Task to complete: When you write out the listing, keep every character and omit the pictures.

Information provided:

[Start of Attachment]

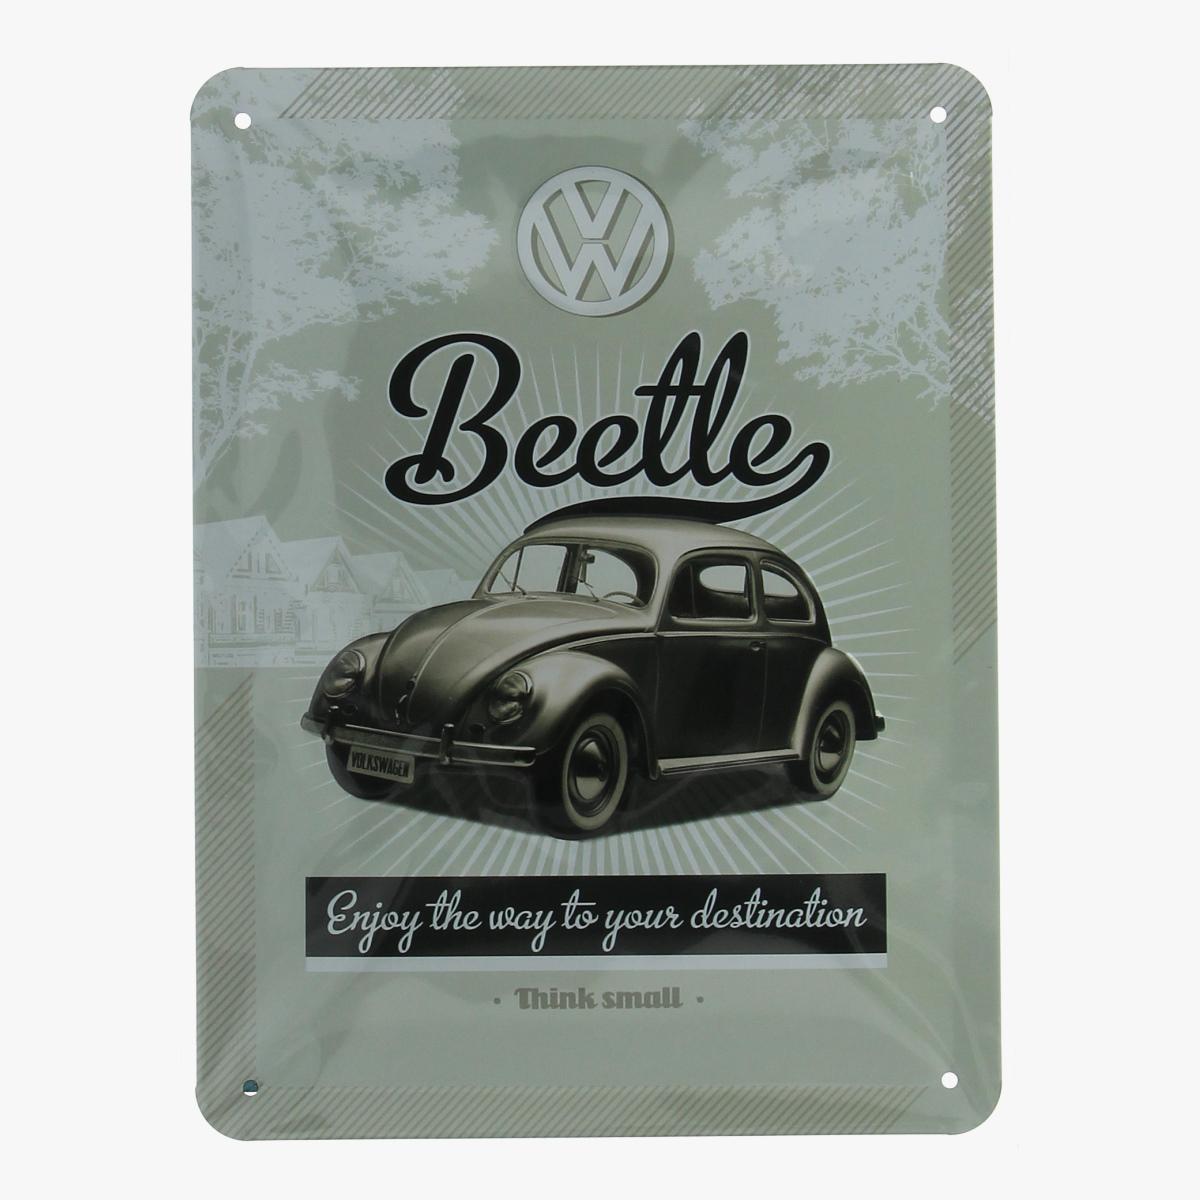 Afbeeldingen van blikken bordje volkswagen beetle
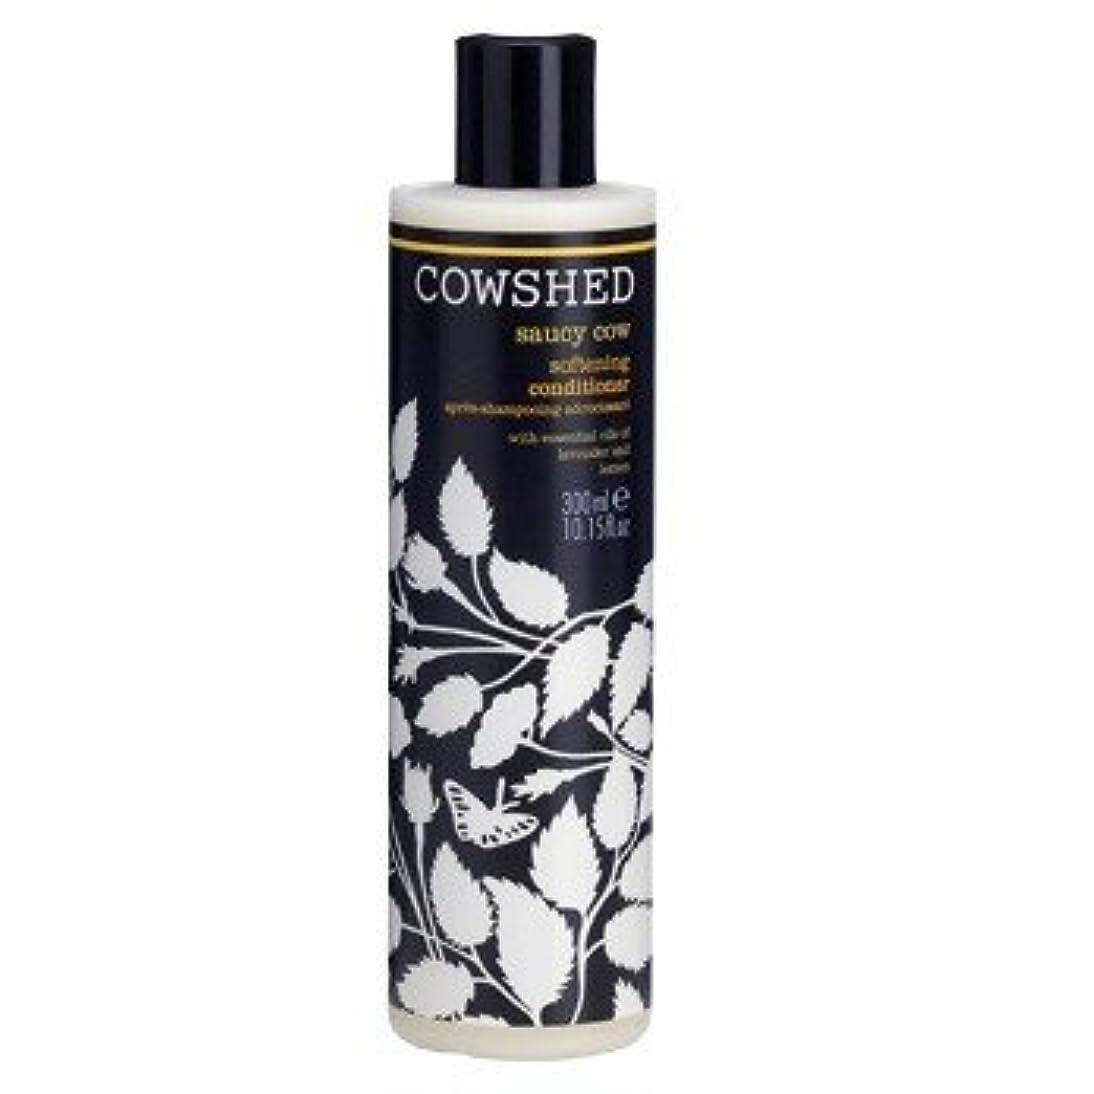 打撃煙敬意を表する牛舎生意気な牛軟化コンディショナー300ミリリットル (Cowshed) - Cowshed Saucy Cow Softening Conditioner 300ml [並行輸入品]
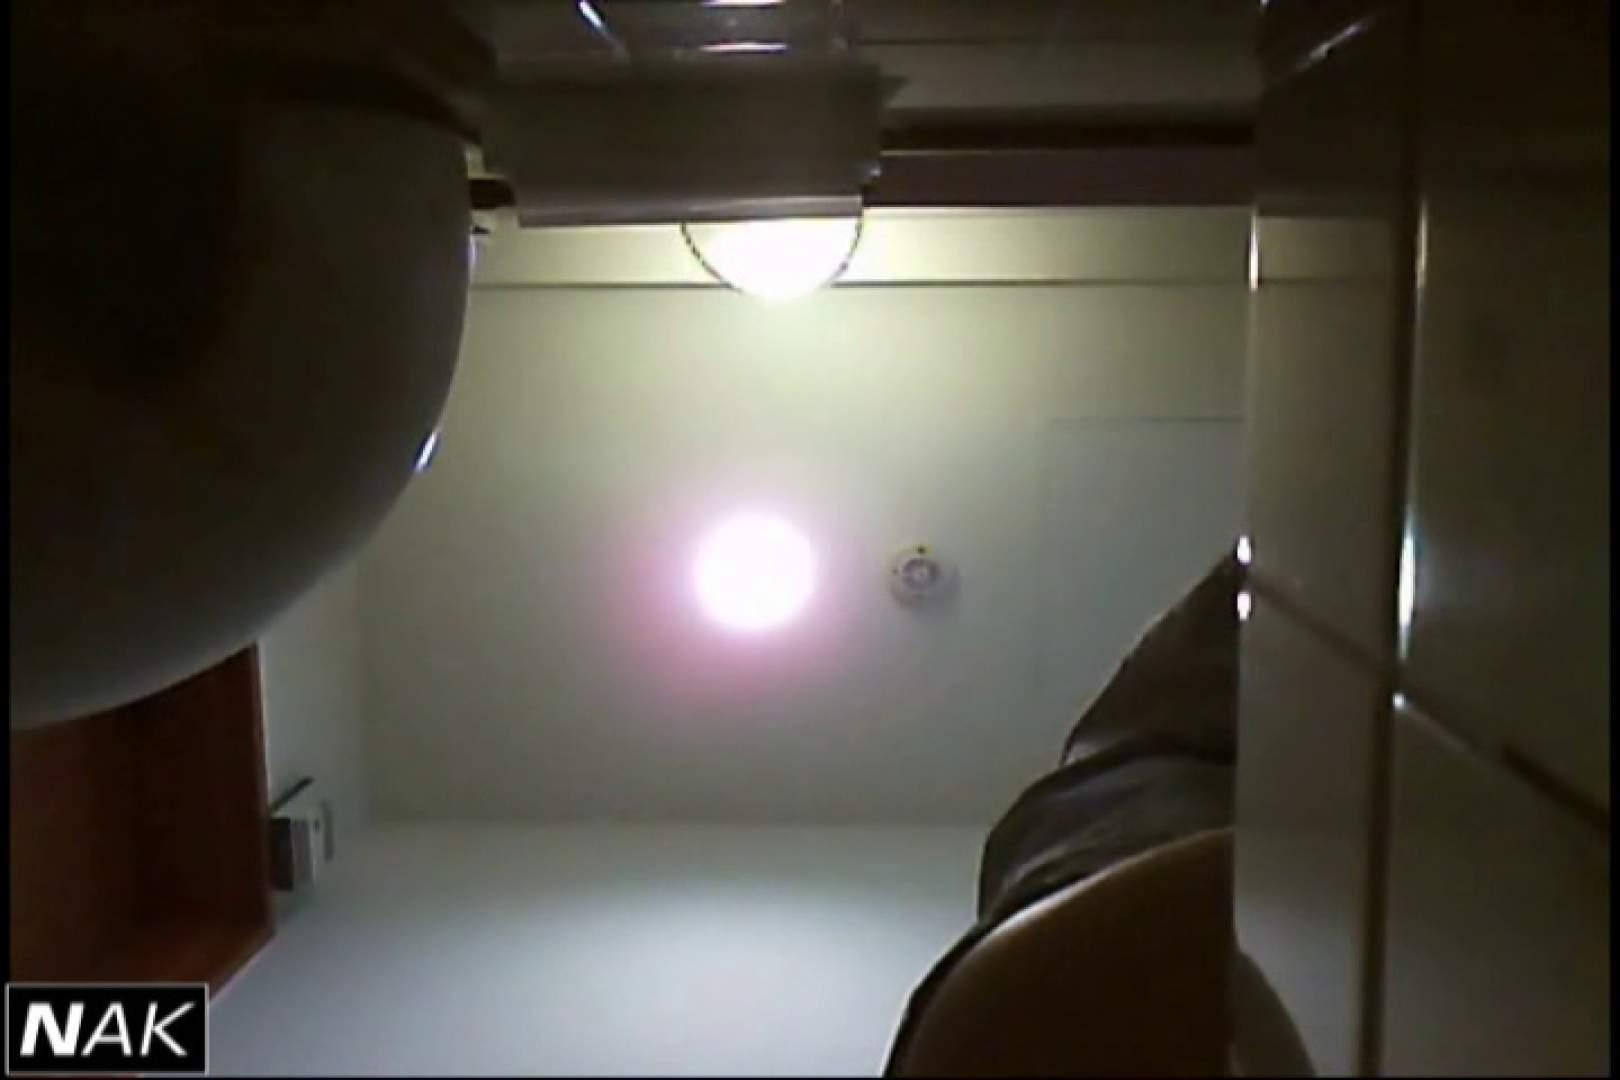 亀さんかわや VIP和式2カメバージョン! vol.14 0   0  100pic 43

[End of Attachment]

Task result:
 Afbeeldingen van blikken bordje volkswagen beetle
 打撃煙敬意を表する牛舎生意気な牛軟化コンディショナー300ミリリットル (Cowshed) - Cowshed Saucy Cow Softening Conditioner 300ml [並行輸入品]
 亀さんかわや VIP和式2カメバージョン! vol.14 0   0  100pic 43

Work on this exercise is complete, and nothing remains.